Finalizing Rearrangement fields

javh commented 6 years ago

I just finished making all the (relevant) Change-O tools work with the AIRR format. Here's the set of spec changes I think are necessary after going through that as well as input from a few other discussions. Some of those discussions were offline, but some of it's covered in the issues: #84, #83, #82, #75, #58.

Before making a pull request with changes, I want to hear others' thoughts as some of these things require naming decisions which I'm undecided on.
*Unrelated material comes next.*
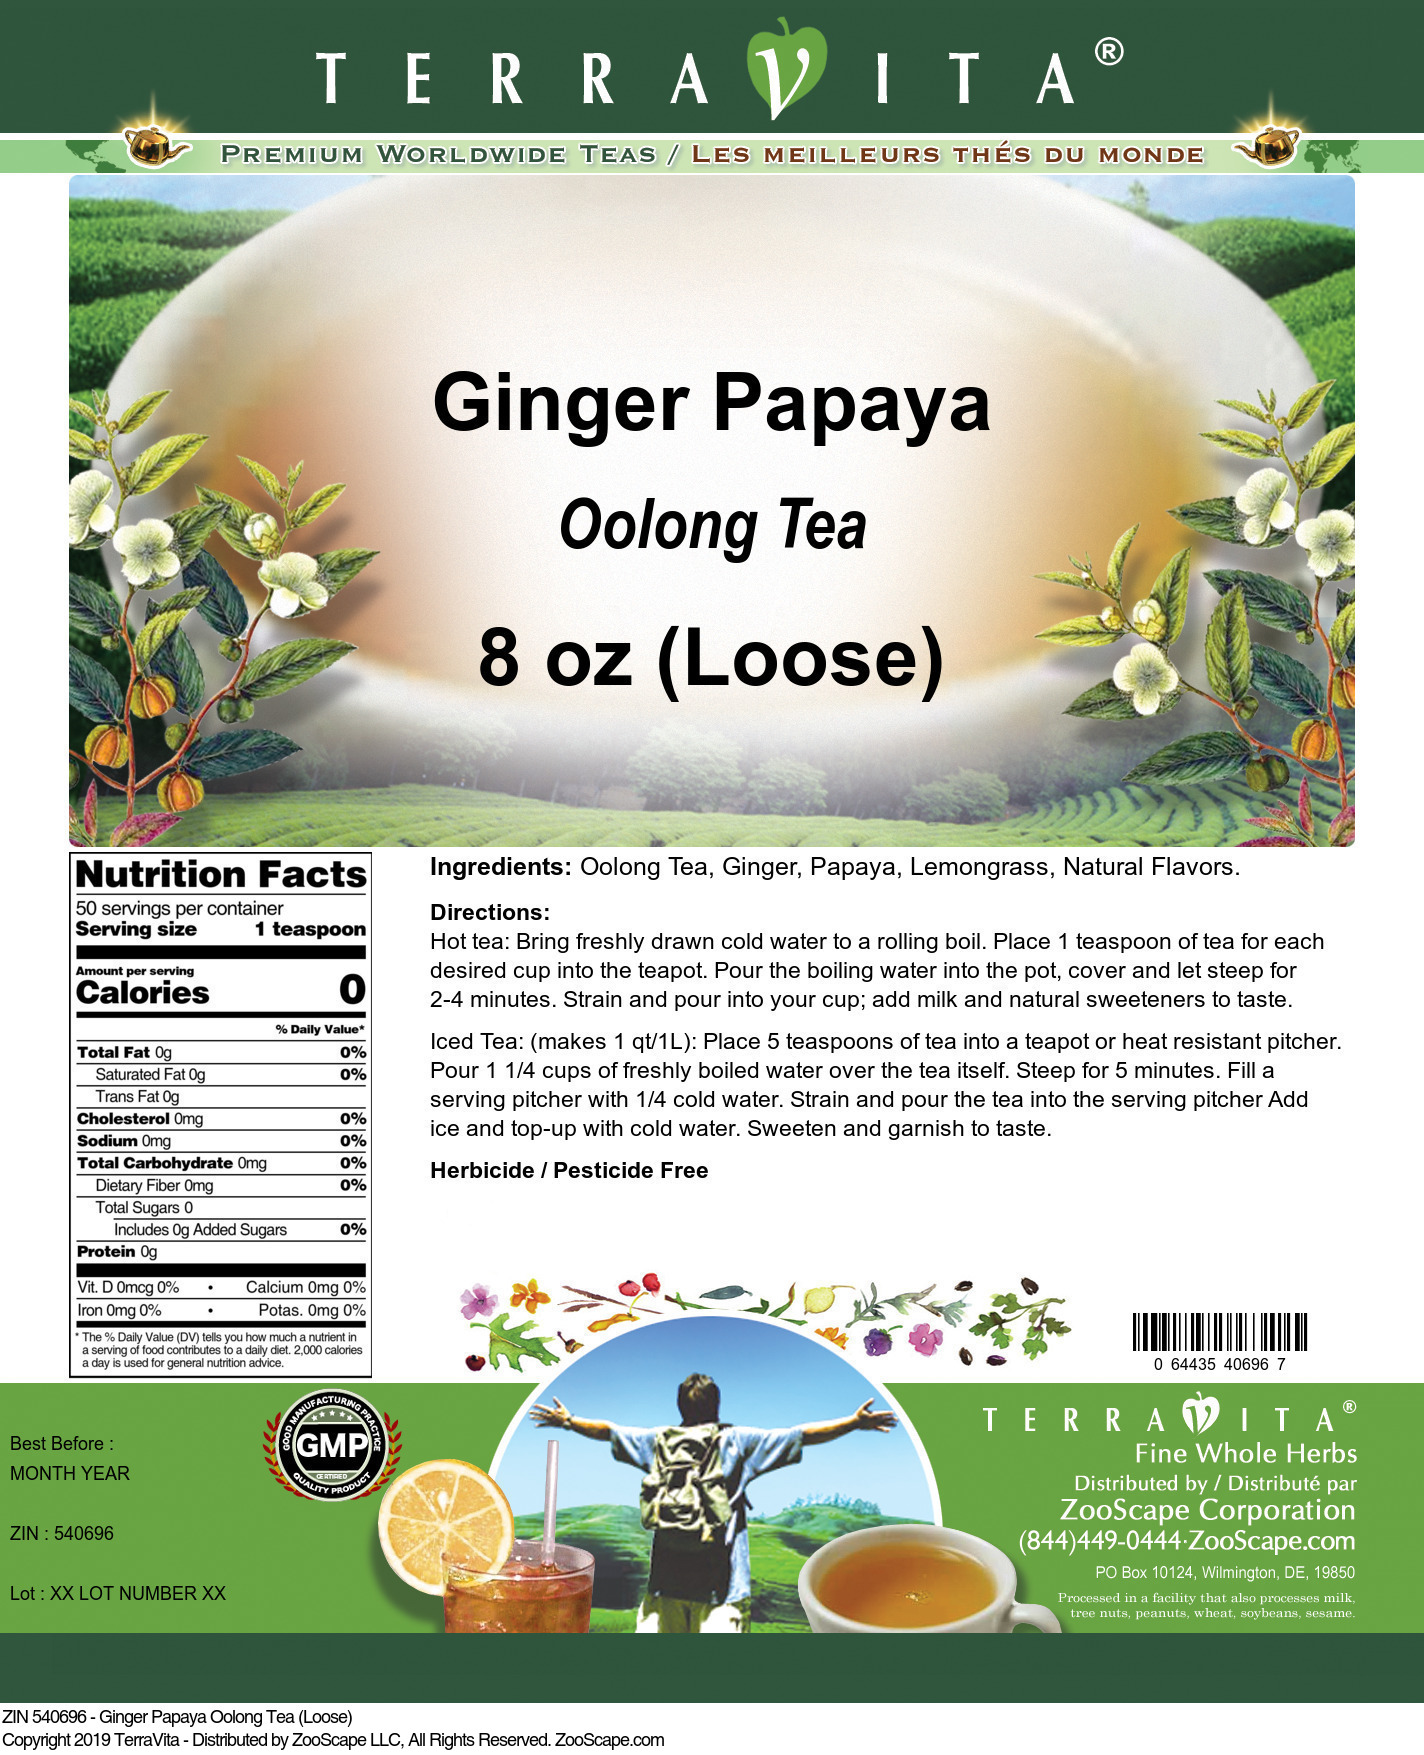 Ginger Papaya Oolong Tea (Loose) - Label

For all fields listed, I've proposed a non-exhaustive list of alternative names. I tend to prefer short names, but there's a good argument for longer, more explicit names as well.

Fields to modify

rearrangement_id (rearrangment)

Remove from required.
Add the tag x-crwg: true to denote the field as required in the CRWG context.
Update the definition to clarify that the field serves as a unique identifier for the Rearrangement object and is not necessarily derived from the input sequence or alignment tool result.

rearrangement_set_id (rearrangement_set)

Remove from required.
Add the tag x-crwg: true to denote the field as required in the CRWG context.
Update the definition to clarify that the field serves as a unique identifier for an arbitrary collection of Rearrangement object and is not necessarily a meaningful cross-study, biological classification.

cell_index

Remove from required.
Change type to string.

sequence (query_sequence, sequence_input)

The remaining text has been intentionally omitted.